One last detail. Our initial motivation to look at the age of open
changesets by affiliation was to check whether submissions from WMF
employees and independent developers were treated equally. Interestingly,
there are no big differences between these groups. However, there are big
differences between the median age of open WMDE changesets (16.5 days) and
open Wikia changesets (almost 283 days). All this according to our
estimation of the origin of patches (domain of the submitter's email +
affiliation submitted by the developers that filled our survey.[2]

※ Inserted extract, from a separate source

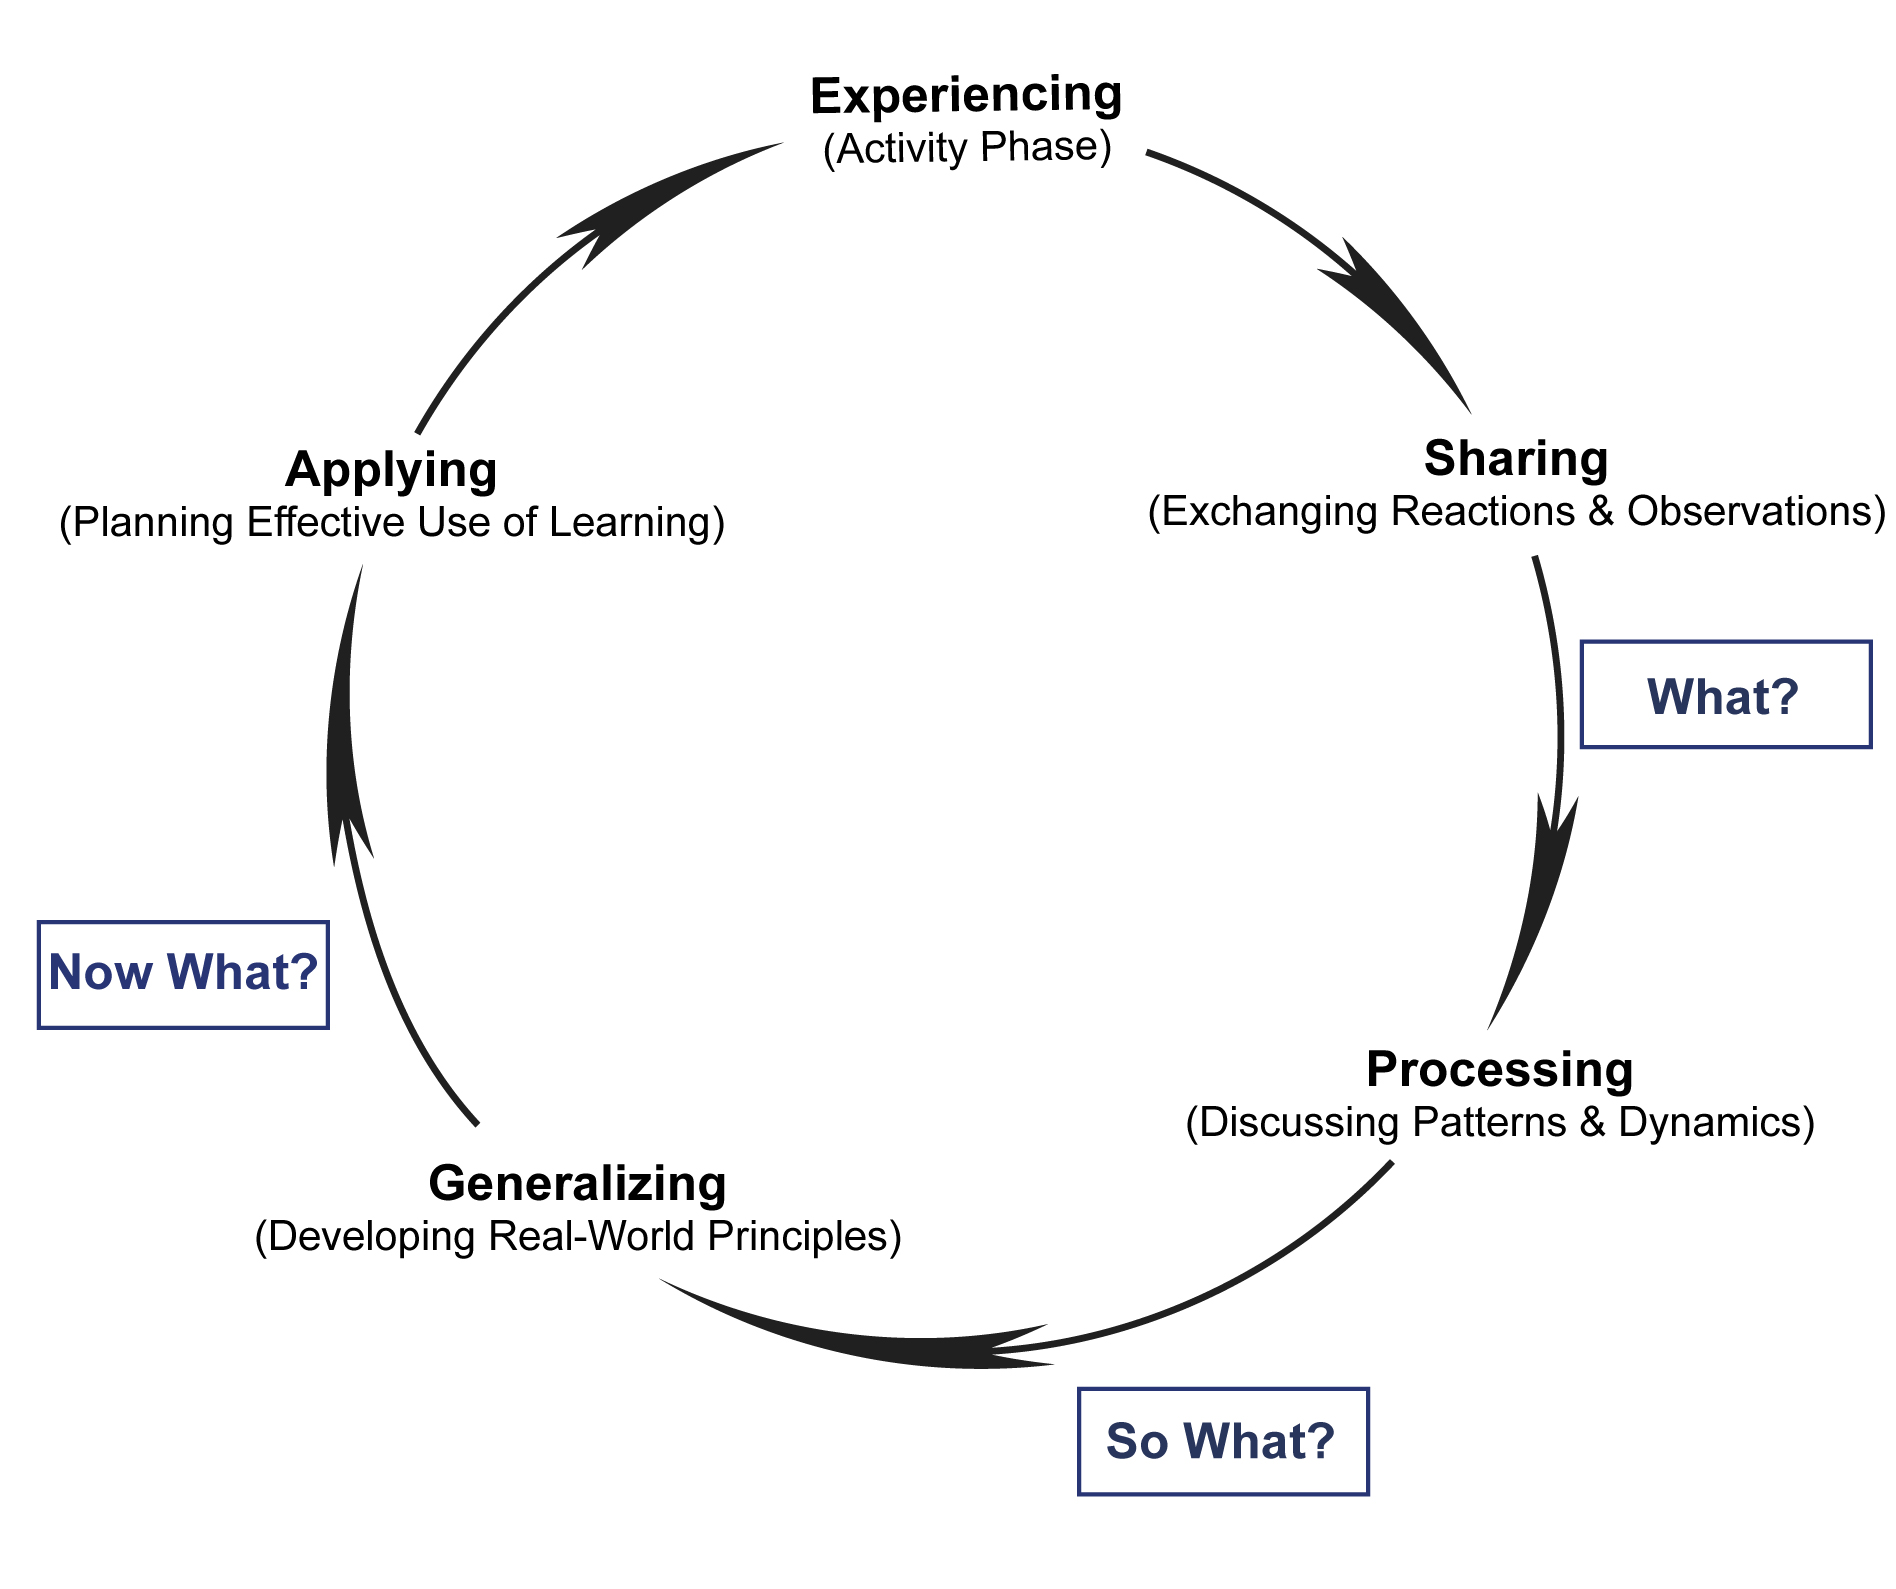  Continuous Reflection and the Experiential Learning Cycle  Continuous Reflection and the Experiential Learning Cycle
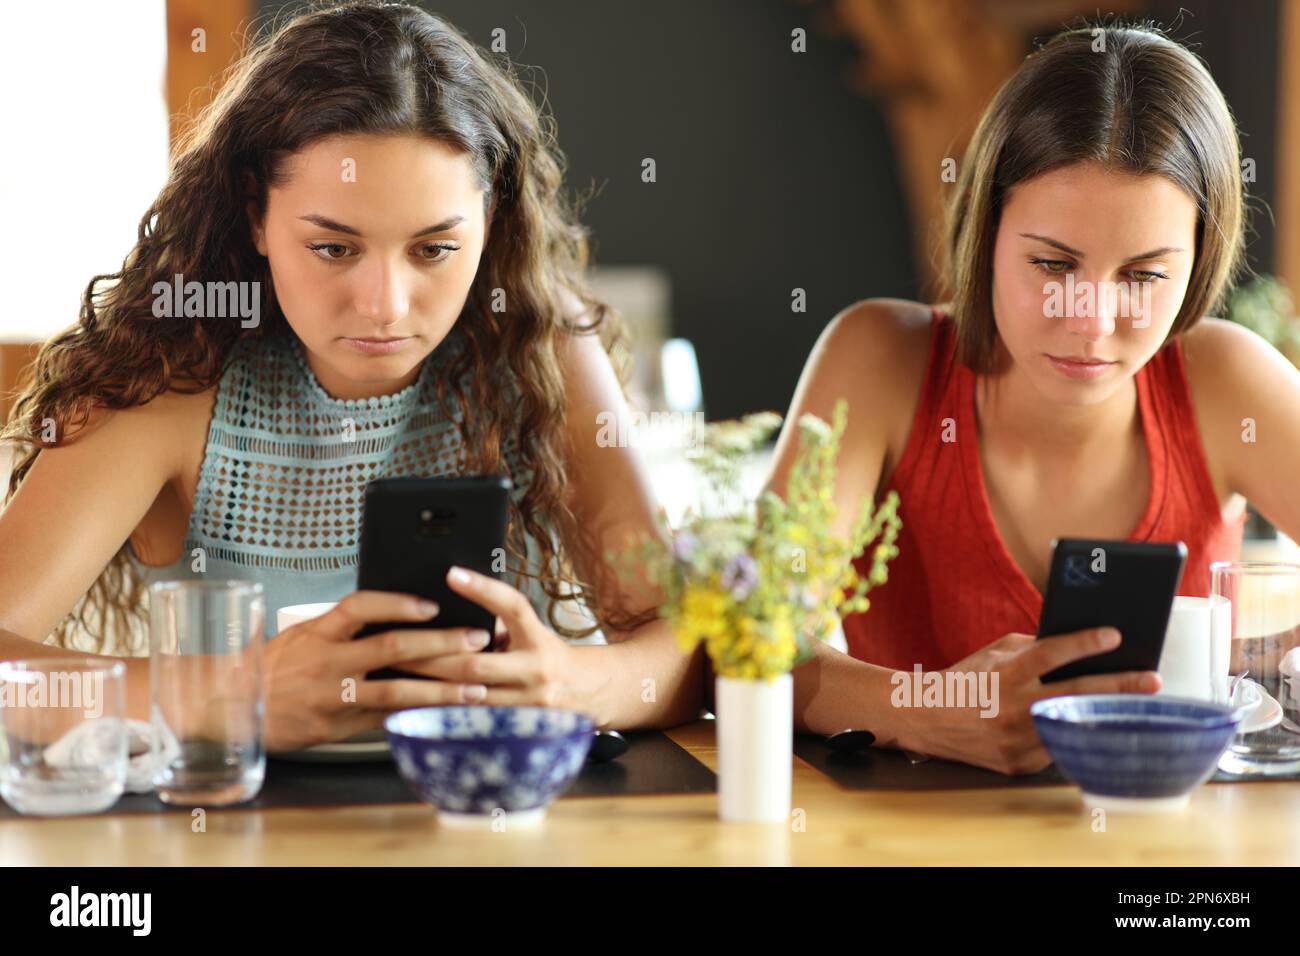 Front view of two friends in a restaurant ignoring each other using their phones Stock Photo

Your feedback about these metrics is welcome. Please reply here or file
Bugzilla reports directly to Analytics > Tech Community metrics

https://bugzilla.wikimedia.org/buglist.cgi?component=Tech%20community%20metrics&list_id=297881&product=Analytics&resolution=---

(Short link just in case: http://bit.ly/1q0itsl )

[1] https://wikitech.wikimedia.org/wiki/Key_Wikimedia_software_projects

[2]
https://docs.google.com/forms/d/1RFUa2zBAOolw78W-ozJPoYlR2lYbrAOYvOZYgjaAYQg/viewform

--
Quim Gil
Engineering Community Manager @ Wikimedia Foundation
http://www.mediawiki.org/wiki/User:Qgil
_______________________________________________
Wikitech-l mailing list
[hidden email]
https://lists.wikimedia.org/mailman/listinfo/wikitech-l
Reply | Threaded
Open this post in threaded view
|

Re: Data to improve our code review queue

Brian Wolff
> Who knows, perhaps we should organize "patch days", in the same way that
we
> have organized bug days in the past (which we want to recover now).

that would be cool.

>We also
> want to look at ways promote the oldest inactive requests. For instance,
> what about directing new volunteers there, asking them to submit their
code
> revisions. For a patch that has been waiting in silence for over a year,
> any feedback will be better than no feedback.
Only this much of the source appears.